使用卫星数据集，创建并训练一个投票分类器，由随机森林、逻辑回归和svc三种不同的分类器组成

In [2]:
from sklearn.ensemble import RandomForestClassifier,VotingClassifier
from sklearn.linear_model import LogisticRegression
from sklearn.svm import SVC

In [7]:
from sklearn.datasets import make_moons
from sklearn.model_selection import train_test_split
x,y = make_moons(n_samples=10000,noise=0.4)
print(len(x))
x_train,x_test,y_train,y_test = train_test_split(x,y,test_size = 0.2,random_state=42)
print(len(x_train))

10000
8000


In [17]:
rf_clf = RandomForestClassifier()
lr_clf = LogisticRegression(solver='lbfgs')
svc_clf = SVC()
voting_clf = VotingClassifier(estimators = [('rf_clf',rf_clf),('lr_clf',lr_clf),('svc_clf',svc_clf)],voting='hard')

from sklearn.metrics import accuracy_score
for clf in (lr_clf,svc_clf,rf_clf,voting_clf):
    clf.fit(x_train,y_train)
    accuracy = accuracy_score(y_test,clf.predict(x_test))
    print('classifier:{},accuracy:{}'.format(clf.__class__.__name__,accuracy))

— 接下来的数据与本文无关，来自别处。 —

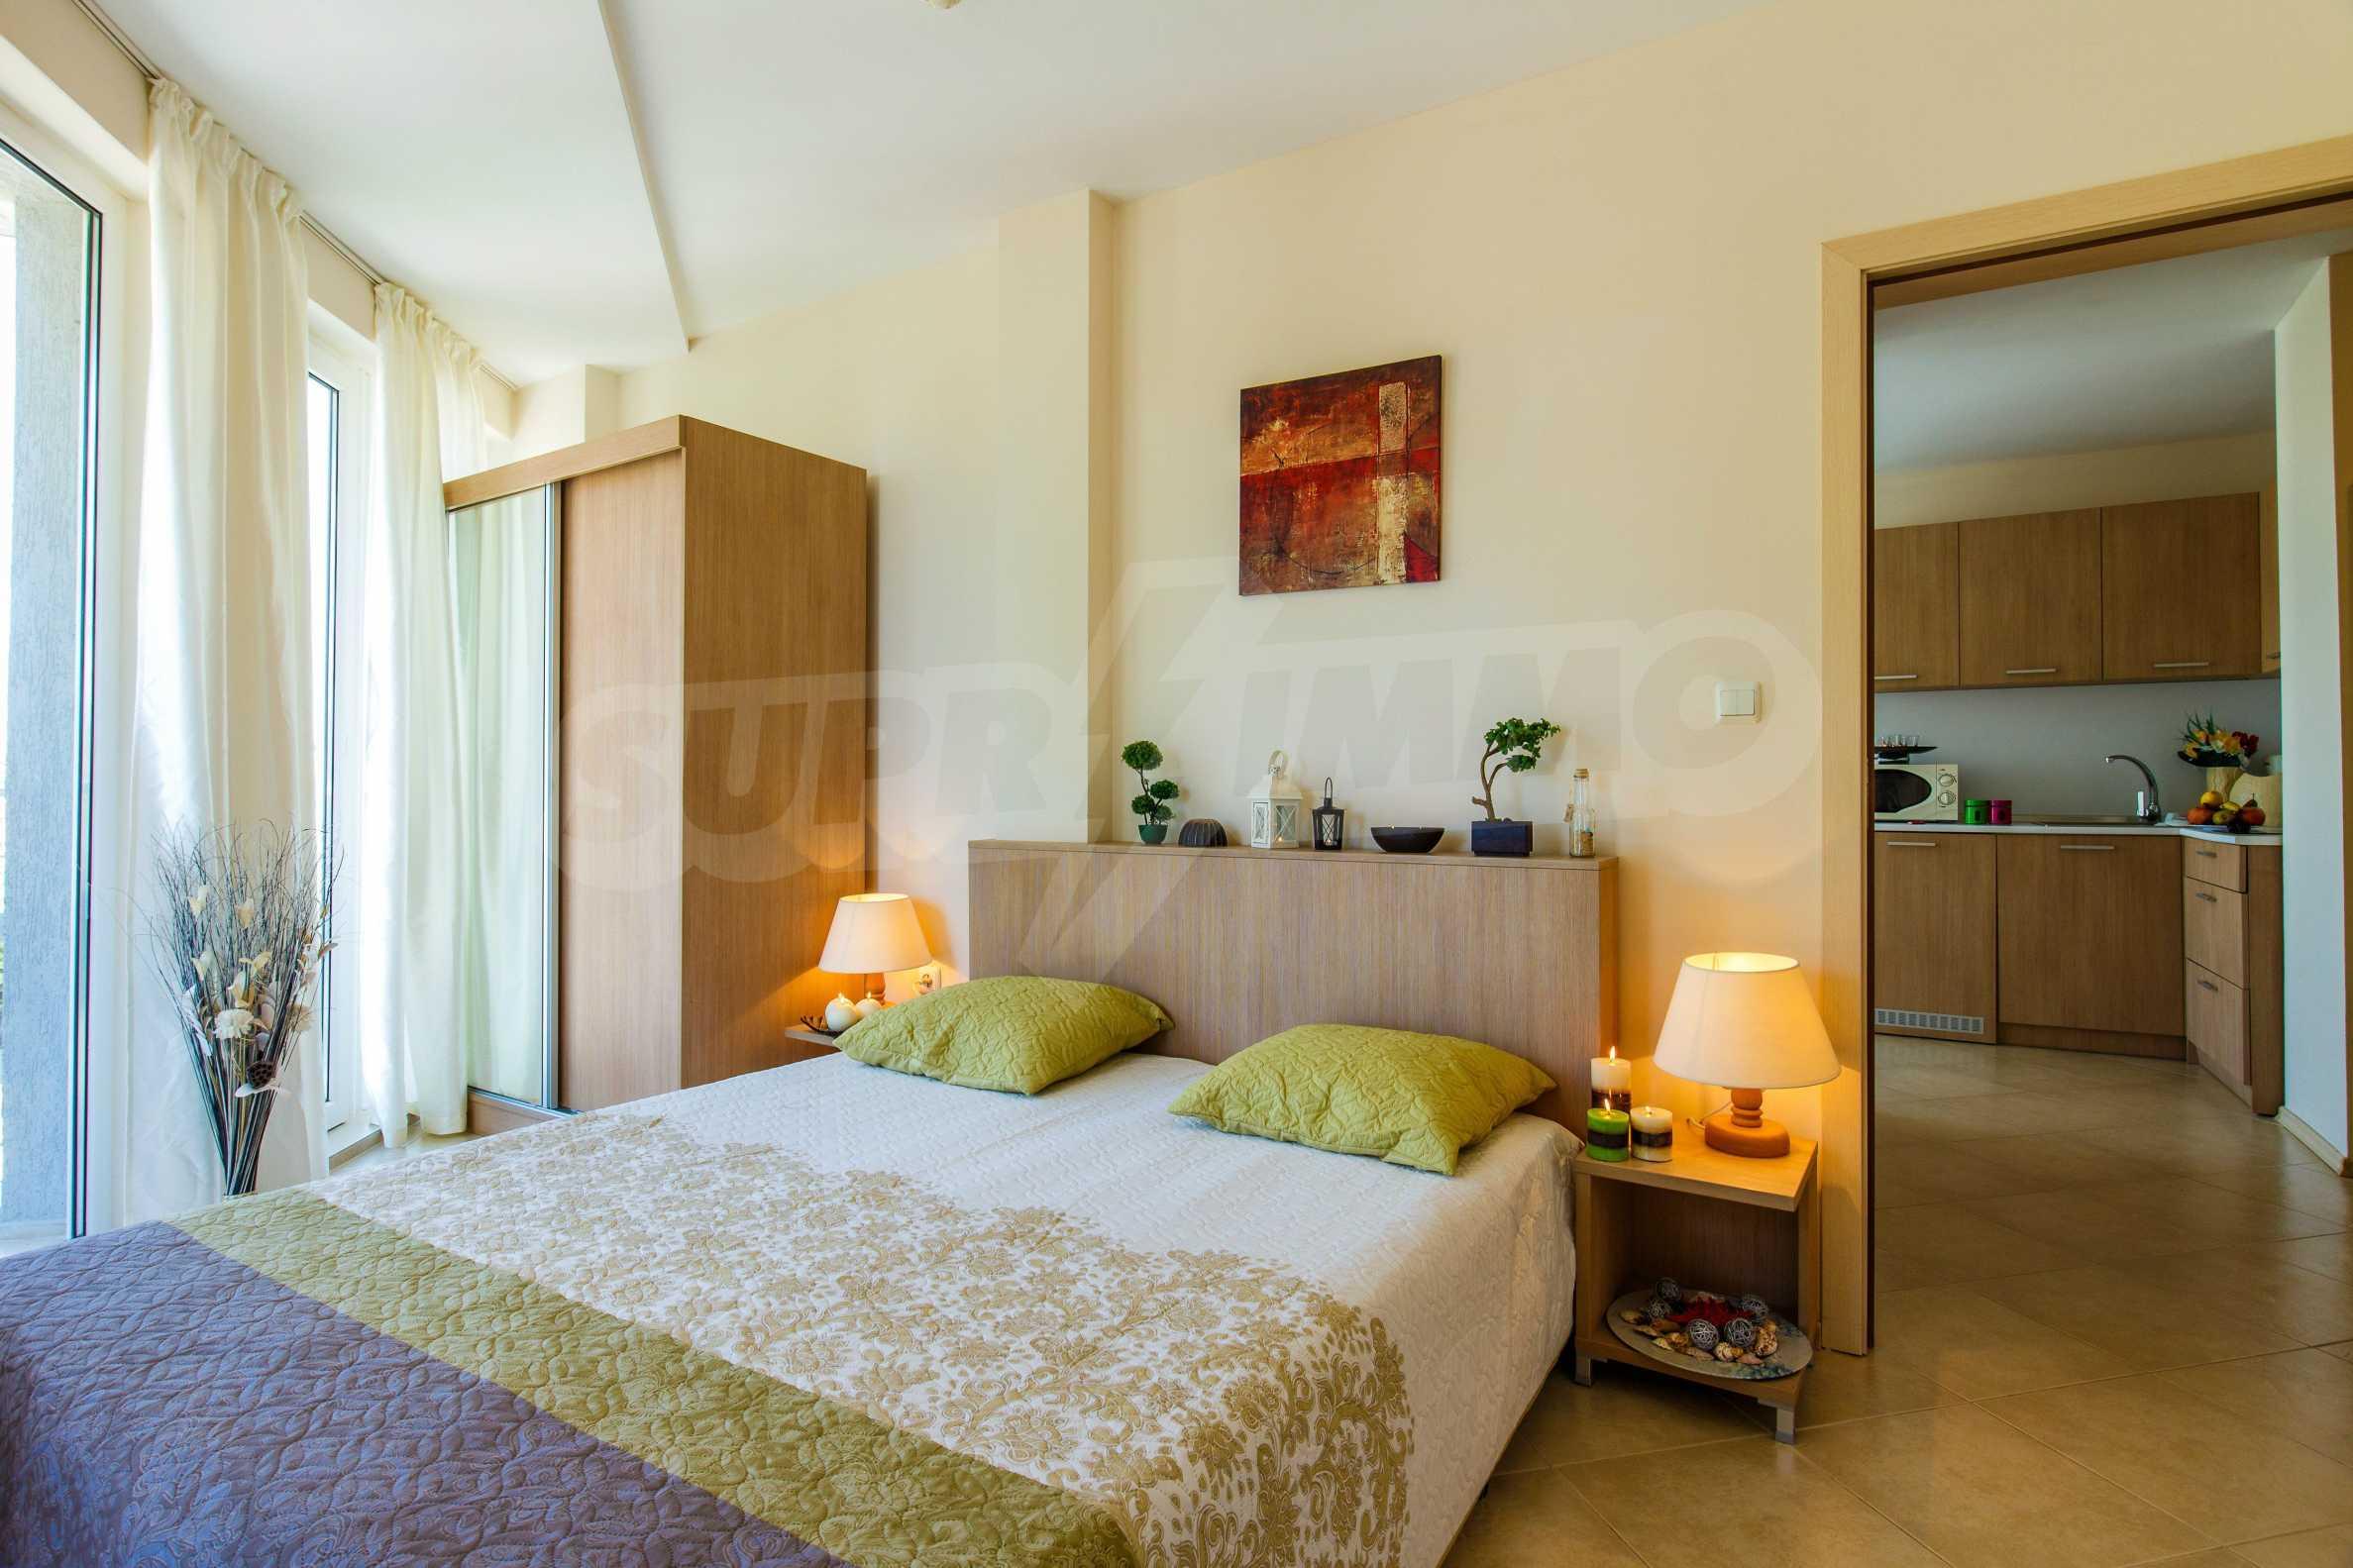 Тристаен апартамент в комплекс Емберли близо до плажа в Лозенец (ап. №423) 17

classifier:LogisticRegression,accuracy:0.8195




classifier:SVC,accuracy:0.854
classifier:RandomForestClassifier,accuracy:0.8125




classifier:VotingClassifier,accuracy:0.848


将硬投票改为软投票试试，由于svm在默认情况下不支持估算出概率，必须将probability设置为True

In [18]:
rf_clf = RandomForestClassifier()
lr_clf = LogisticRegression(solver='lbfgs')
svc_clf = SVC(probability=True)
voting_clf = VotingClassifier(estimators = [('rf_clf',rf_clf),('lr_clf',lr_clf),('svc_clf',svc_clf)],voting='soft')

from sklearn.metrics import accuracy_score
for clf in (lr_clf,svc_clf,rf_clf,voting_clf):
    clf.fit(x_train,y_train)
    accuracy = accuracy_score(y_test,clf.predict(x_test))
    print('classifier:{},accuracy:{}'.format(clf.__class__.__name__,accuracy))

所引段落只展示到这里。